United States v. Carthen

458 F. App'x 428
CourtCourt of Appeals for the Fifth Circuit
DecidedJanuary 26, 2012
DocketNo. 10-1878
StatusPublished
Cited by1 cases

This text of 458 F. App'x 428 (United States v. Carthen) is published on Counsel Stack Legal Research, covering Court of Appeals for the Fifth Circuit primary law. Counsel Stack provides free access to over 12 million legal documents including statutes, case law, regulations, and constitutions.

Bluebook
United States v. Carthen, 458 F. App'x 428 (5th Cir. 2012).

Opinion

OPINION

MAYS, District Judge.

Defendant-Appellant Bryan Carthen (“Carthen”) appeals his 96-month sentence for being a felon in possession of a firearm, in violation of 18 U.S.C. § 922(g). Carthen argues that, although the district court imposed a sentence within the advisory guideline range, his sentence was substantively unreasonable because it was excessive and failed to accommodate his debilitating medical problems. For the following reasons, the judgment of the district court is AFFIRMED.

I. BACKGROUND

Carthen was arrested after a June 6, 2009 armed carjacking in Lansing, Michigan. Daniel McConnell (“McConnell”), the victim of the carjacking, reported that two unidentified men had abducted him at gunpoint in the parking lot of his apartment complex. McConnell was physically assaulted and forced into the trunk of his 2004 Chrysler Sebring.

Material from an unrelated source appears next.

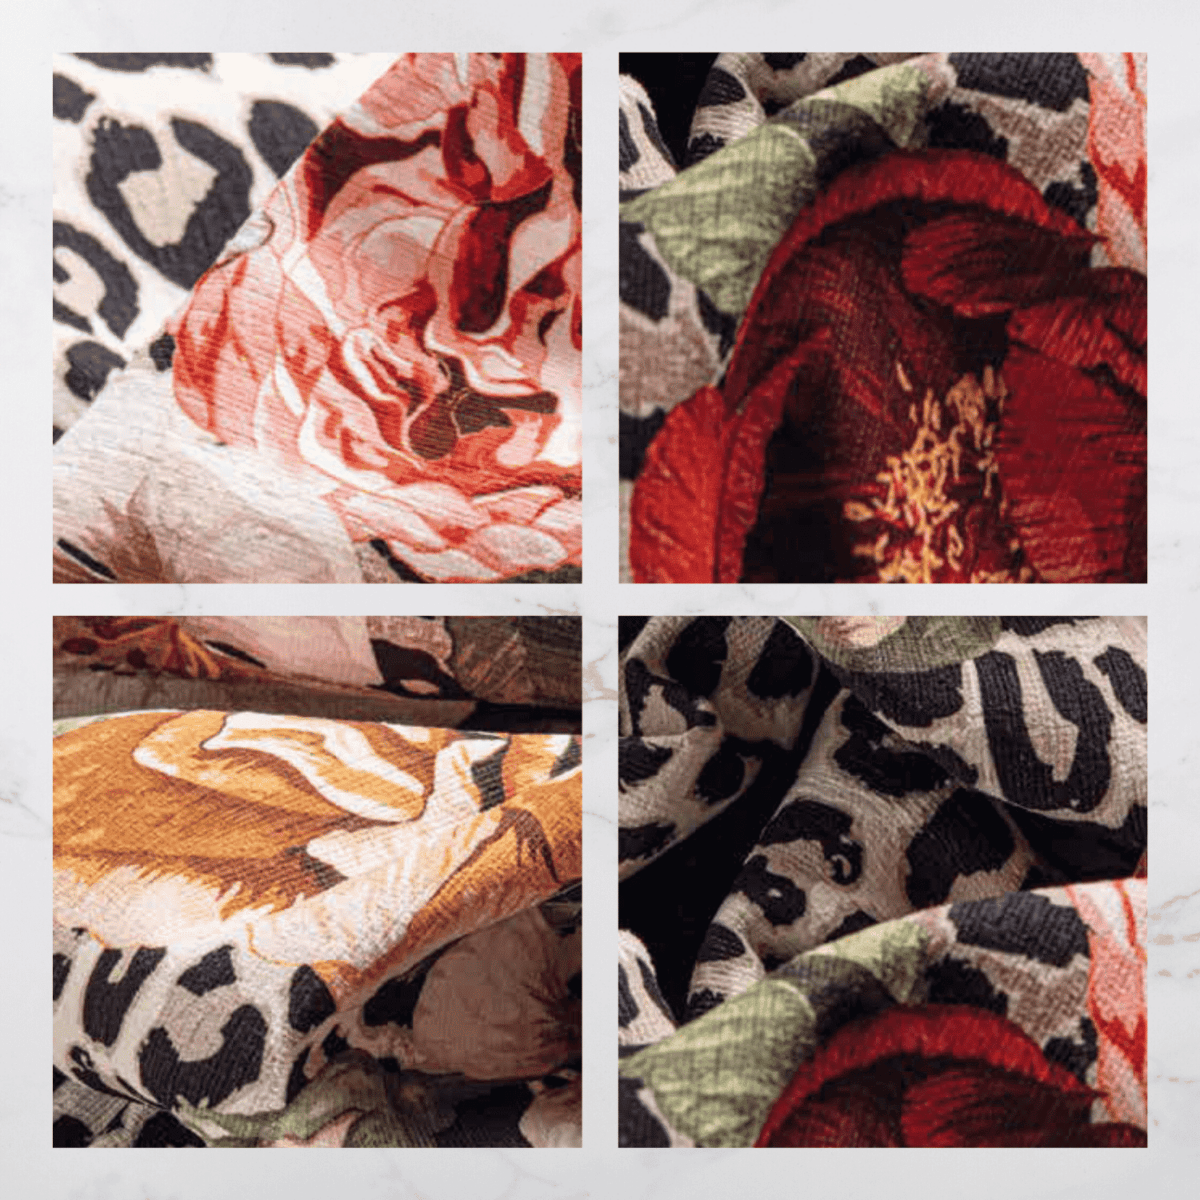 frida-tappeto-arredo-emozioni-artista-scuro-fiorato-multicolor-leopardato-dettagli

The assailants [430]*430drove off with McConnell in the trunk, but he escaped after activating the trunk release and leaping from the car.

On July 11, 2009, Shannon Tett-Davis (“Tett-Davis”) told police that Carthen, her boyfriend, had possessed a Chrysler Sebring since June 2009. Tett-Davis made her statement while police were investigating her report that Carthen had threatened to “blow her head off.” On July 13, 2009, the Lansing Police Department located McConnell’s Chrysler Sebr-ing. Carthen’s neighbor was driving it. The neighbor told police that the car belonged to Carthen, but that Carthen could not drive because he was on probation. A short time later, officers found Carthen riding a bicycle. They took him into custody after finding 3.4 grams of marijuana.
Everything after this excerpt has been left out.